How Jesus Related to People
/Part Two
2. Community
From the crowds, came the seekers. One senses in reading the Gospels that there were people in and out of Jesus' life who were actively seeking to know more. Some of them are made known to us in the gospel accounts, like Nicodemus, Zacchaeus, or the Roman centurion. There must have been many more who were actively interested in hearing His teachings. They were people who had listened to Jesus speaking, seen Him perform miracles, or had heard about Him and wanted to know more. Different people had different reasons for seeking Jesus: some were sincere, others wanted to find fault with Him, and still others were motivated by curiosity. Some were desperate for help. Jesus' response to seekers was very different from His response to large crowds. He was more personal, but not always more friendly. He was probing, questioning, and He almost always asked or demanded something costly from seekers. Jesus tested them, but in a pro-active and loving kind of way. He would give them something to do, a step to take, to show they were prepared to pay the price necessary to actually follow Him. Jesus did not continually dispense truth to seekers if they did not show that they were willing to obey what He had already taught them.
Jesus modeled for us how to arouse the interest of people through telling stories and doing miracles. But we also learn from Him how to ask seekers to go beyond spiritual curiosity or the miracle they have experienced, to hearing and obeying His teachings. If they took one step, Jesus led them to the next. Because we have the advantage of knowing the parable of the Sower, the seed and the soil, we know that Jesus understood that the hearts of people were all different.
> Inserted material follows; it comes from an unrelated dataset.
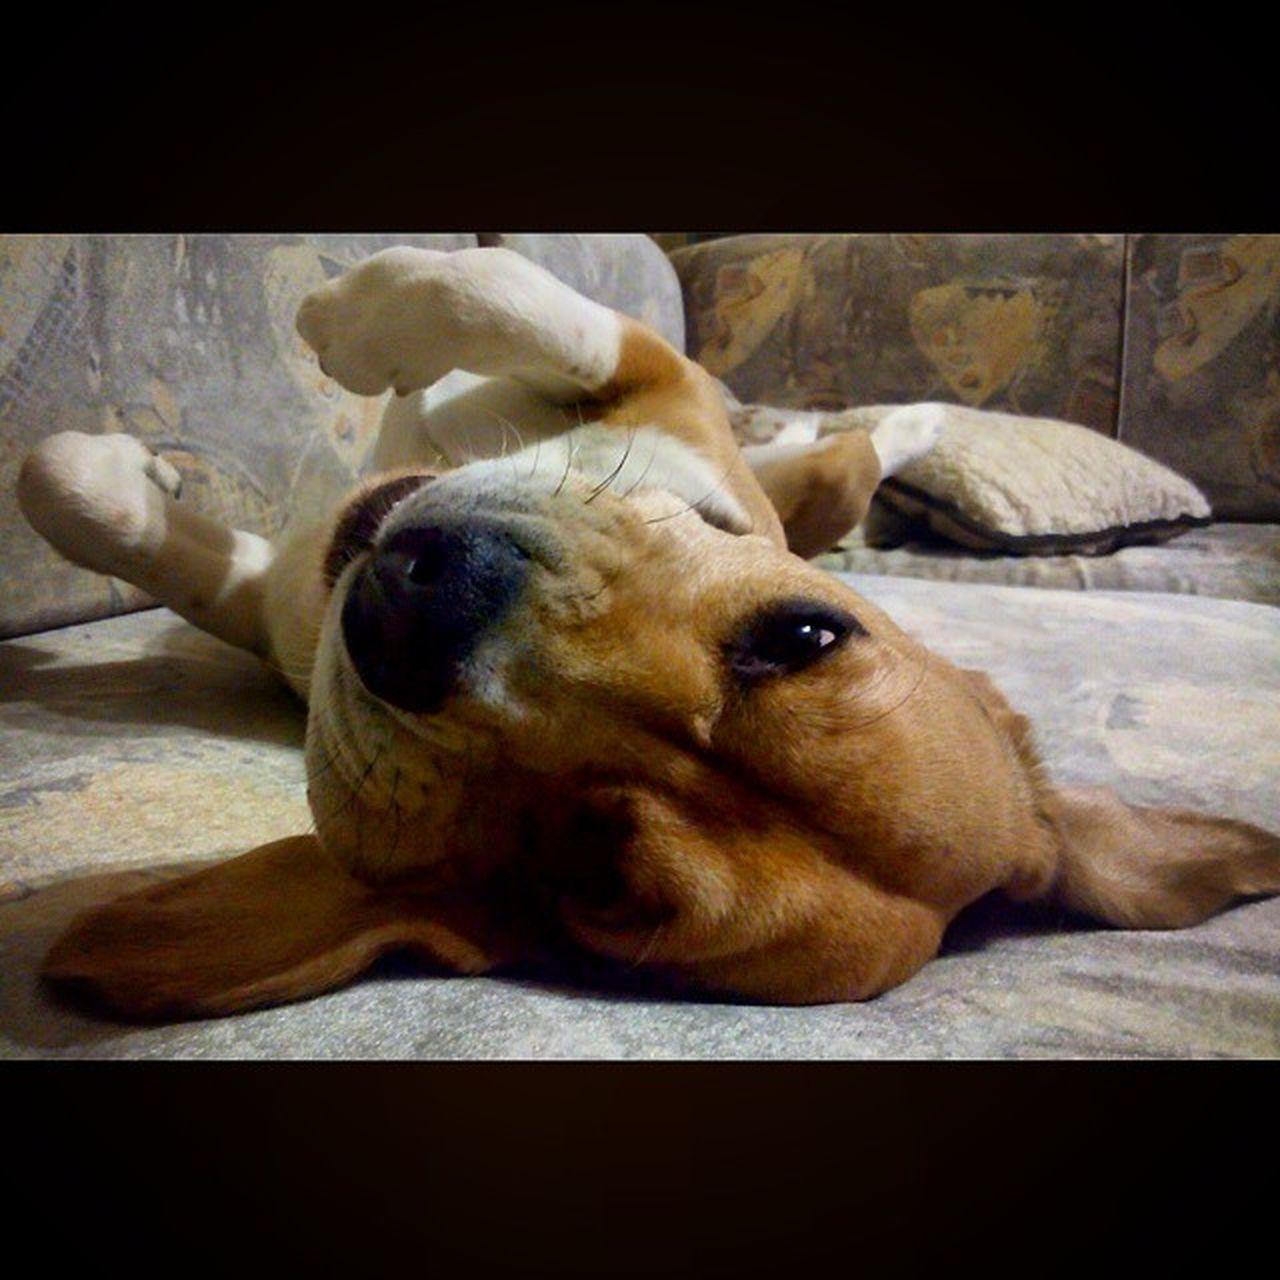 Beagle Beaglelove Dog Zseton Zsetont kidőlt 😁

Some were hard, some were responsive; and of those that were responsive, not all were genuine or lasting.
There are many examples in the Gospels of Jesus' interaction with this group of the not-yet-committed as He invites them to be obedient disciples:
Matthew 8:18-22
John 6:60-66
Luke 5:4-5, 27-28
Luke 8:19-21
Luke 14:25-33
For Jesus, evangelism was disciple-making.
Personal Application
Our 'community' is people we have personal contact with. They are people who show spiritual interest, or who will show interest, if we pray for them and take time for them. Make a list of people who you know personally who don't know Jesus. Those are the 'seekers' God has placed in your life that comprise your 'community'.
3. Core group disciples
The core group disciples were those who were attracted to Jesus, who subsequently crossed a threshold in their lives and decided to trust Jesus. Understanding grew gradually in the hearts of the disciples of what it meant to obey Jesus. Jesus deliberately selected some of His followers for more responsibility. It says in Luke 6: 12 that from those who were with Him, He chose twelve for apostolic responsibility; that is, to be set aside, fully ready to obey Jesus.
At this point terminology can fail us. There seem to have been many of Jesus' disciples who were not fully in or fully out. Jesus left it purposefully that way. He did not draw up a list of rules like the Pharisees of His day, and decide – based on strict adherence to His 'rules and regulations' of discipleship – who was 'in' or 'out'. Jesus invited people to be His disciples by drawing them to Himself, rather than by establishing an 'in or out' closed society. But there was no question about whether He wanted obedience from His core team – that had to be absolute, because He stood at the centre of the new community He was creating. There were people who were called disciples, but who had not counted the cost of following Jesus all the way – "From that time many of His disciples went back and walked with Him no more" (John 6:66). Jesus asked the twelve whom He had appointed to share leadership responsibility with Him if they, too, wanted to leave Him. Peter answered Him, "Lord, to whom shall we go? You have the words of eternal life" (John 6:68).
Personal application
Understanding the paradoxes of discipleship is crucial to this process of moving from crowds, to a community of seekers, to a core group of disciples. This is not a hard and fast method, but a process to follow in order to find people in whom we can invest our lives.
Sharing Jesus is partly about discerning the 'crowd' in our lives, building relationships with a 'community of seekers' and then selecting a core group of potential disciples to invest in. Sharing Jesus – what we typically refer to as evangelism – cannot be separated from a process of finding those who are responsive to Jesus.
Jesus taught and modeled the way in which to discern how open people are to the good news (Luke 8:4 and following). He respected people, but also challenged them to go further in their search for God. In the parable of the Sower, Jesus compared the good news to seed sown into the soil of people's hearts. The 'soil' represented four different types of people's readiness to hear His message. Jesus told this story to His disciples to help them to discern the soil condition of people's hearts. In Luke 8:11, Jesus explained to them that the 'seed' is the message from God to people. Luke begins chapter 8 by saying that "Jesus. . . began a tour of the nearby cities and villages to announce the Good News concerning the Kingdom of God. . ." In His parable, the 'sower' of the seed is the disciples themselves.